4 big plastic drink glasses - fit tight into cup holders when upside down
1 Xmas deer motor
1 pvc 1/2 inch to 2 inch adapter
spare pvc, screws, metal brackets, and wood

bottom of table -








knock 1/2 to 2'' adapter into bottom of table - rubber mallet works good for this - you want the 1/2'' side sitting at the top of the table when done.


----------



## thehoghunter (Jul 24, 2007)

Mount deer motor in brackets - add some wood for stability










You will notice the screw are sticking out - wasn't permanent - I try to use my motors at christmas for other props. But those screws also didn't come out even running this during halloween week.


----------



## thehoghunter (Jul 24, 2007)

Next, 4 plastic cups held the lower pumpkins in place. Found the cups at the dollar store.










To hold the top pumpkin on, some spare 1/2'' PVC inserted into the adapter, and an old blank cd or DVD holder slide into the pvc pipe.

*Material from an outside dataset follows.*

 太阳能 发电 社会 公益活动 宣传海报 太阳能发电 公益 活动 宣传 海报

The top pumpkin has to have a hole in the bottom large enough to go over the dvd holder. I put the candle on the pvc pipe 
(using a 3-way pvc connector, and a 90 degree piece - you can probably see it in the video if not here)


----------



## thehoghunter (Jul 24, 2007)

So, then, all I needed were the pumpkins - unfortunately, I found out when carving the top pumpkin with a dremel, I seem to have carpel tunnel as my wrist hurt for quite a few weeks. So I had to improvise - bought the lower pumpkins at Michaels or Walmart (forget which). Removed the electric lights and they fit right over the cups as planned.

Speaking of lights, I lit all the pumpkins with battery operated tea lights. On the lower pumpkins, I just sat the light on top of the upside down cup and slide the pumpkin over it all.

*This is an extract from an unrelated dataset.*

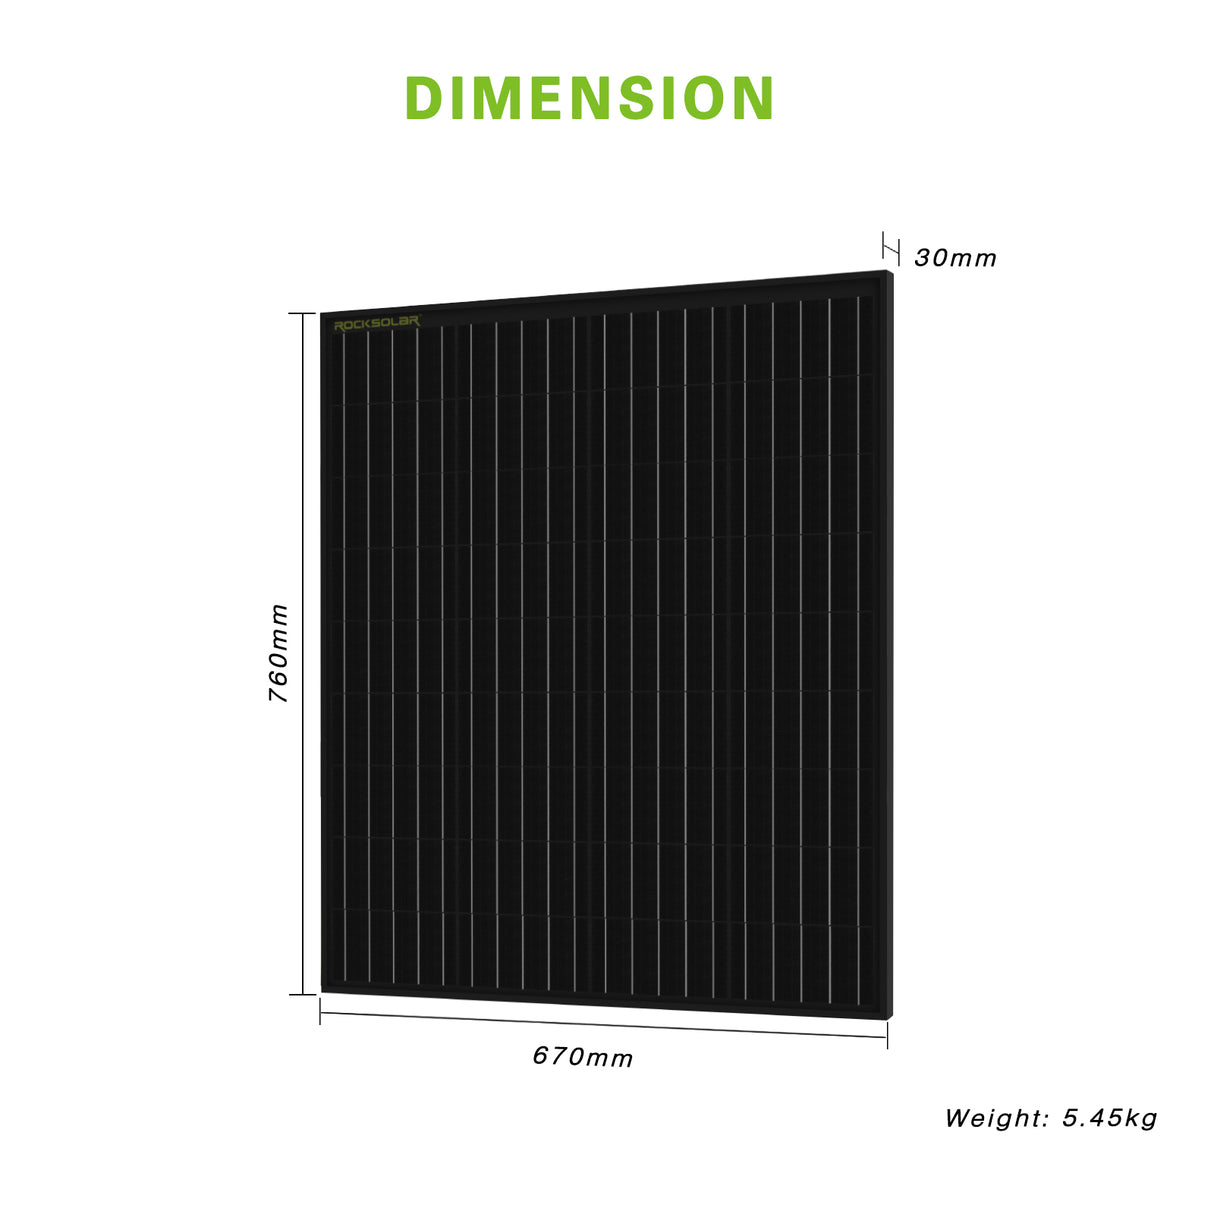 12V solar panel dimension

So, you could build this to show off your pumpkin carving skills - one of the other ideas I was going to try was to build a story of the pictures on the pumpkins as it went around - a bat flying in the night sky, a bat coming up to a window of a house, Dracula coming through the window, Dracula standing by his coffin.

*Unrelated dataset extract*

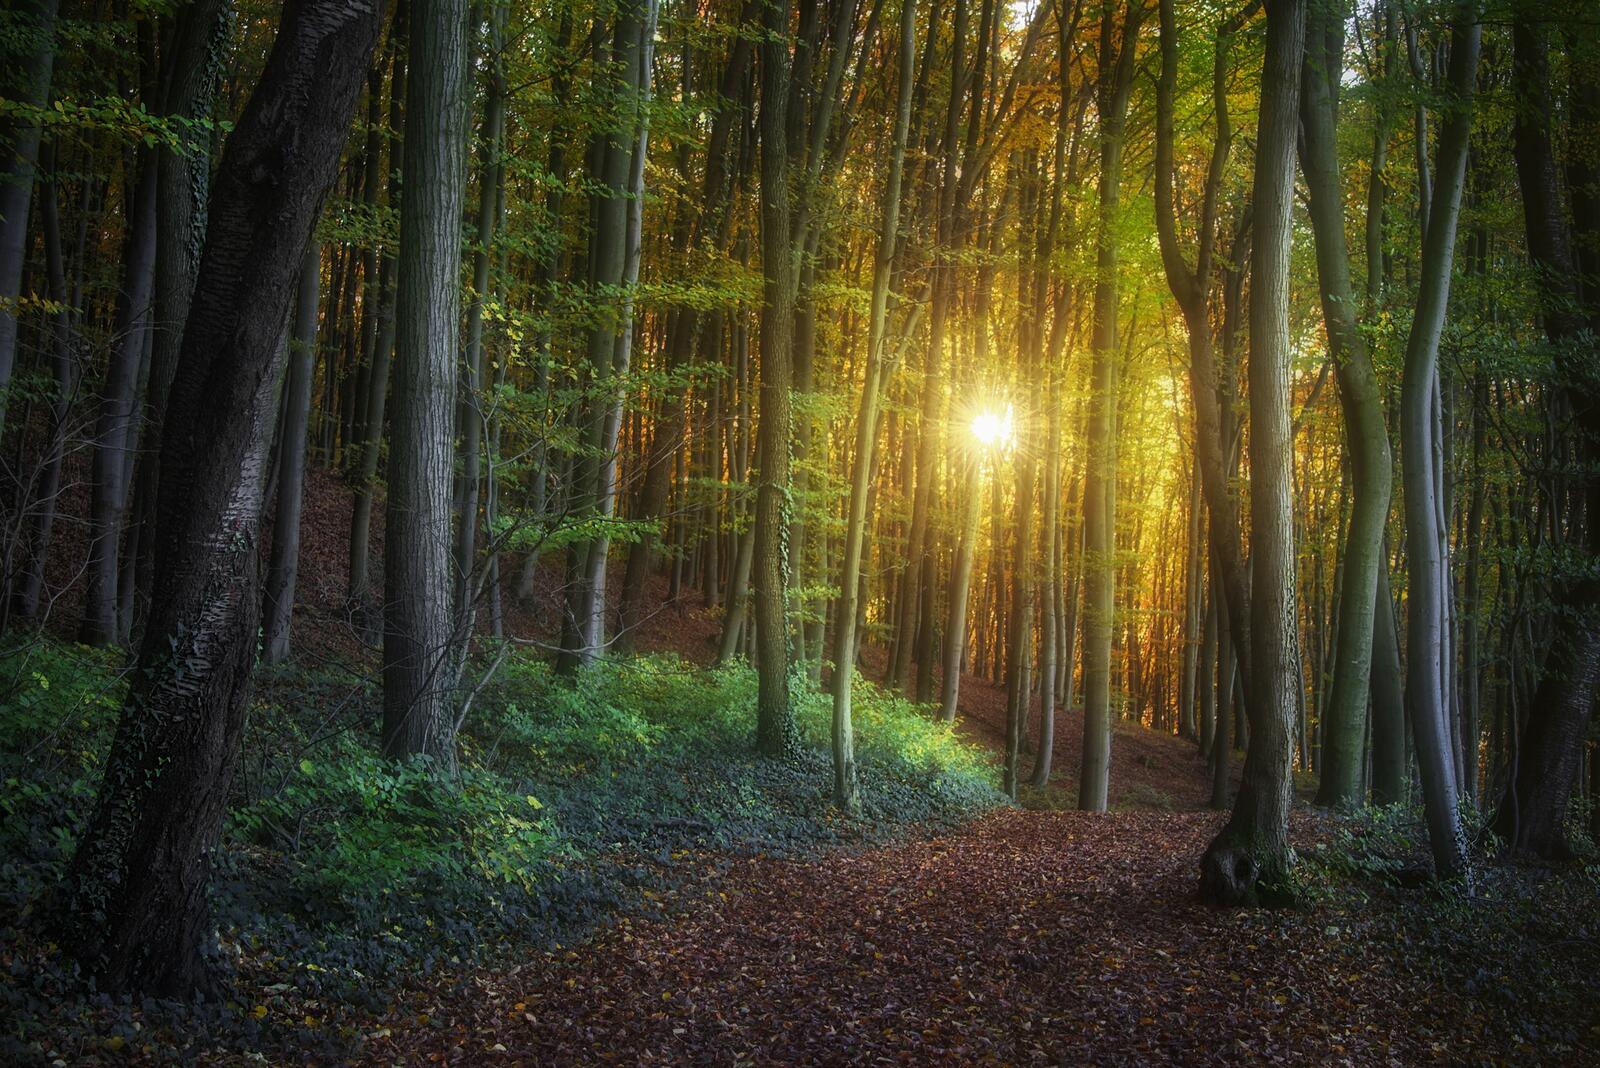 Бесплатное фото Картинки на заставку лес, деревья, лучи солнца бесплатно

Let me know if you have any questions/suggestions. Thanks.


----------



## LadyAlthea (Sep 11, 2008)

wow! thats really great! i can thinkof a lot of applications for that!


----------



## KY_haunter (Jun 24, 2009)

Good idea, nice work!


----------



## dionicia (Nov 5, 2006)

I like it. you know a soldering iron with an exacto blade on it works tons better and you wont hurt your hands. 


P.S. 
Your Corgi is cute too.


----------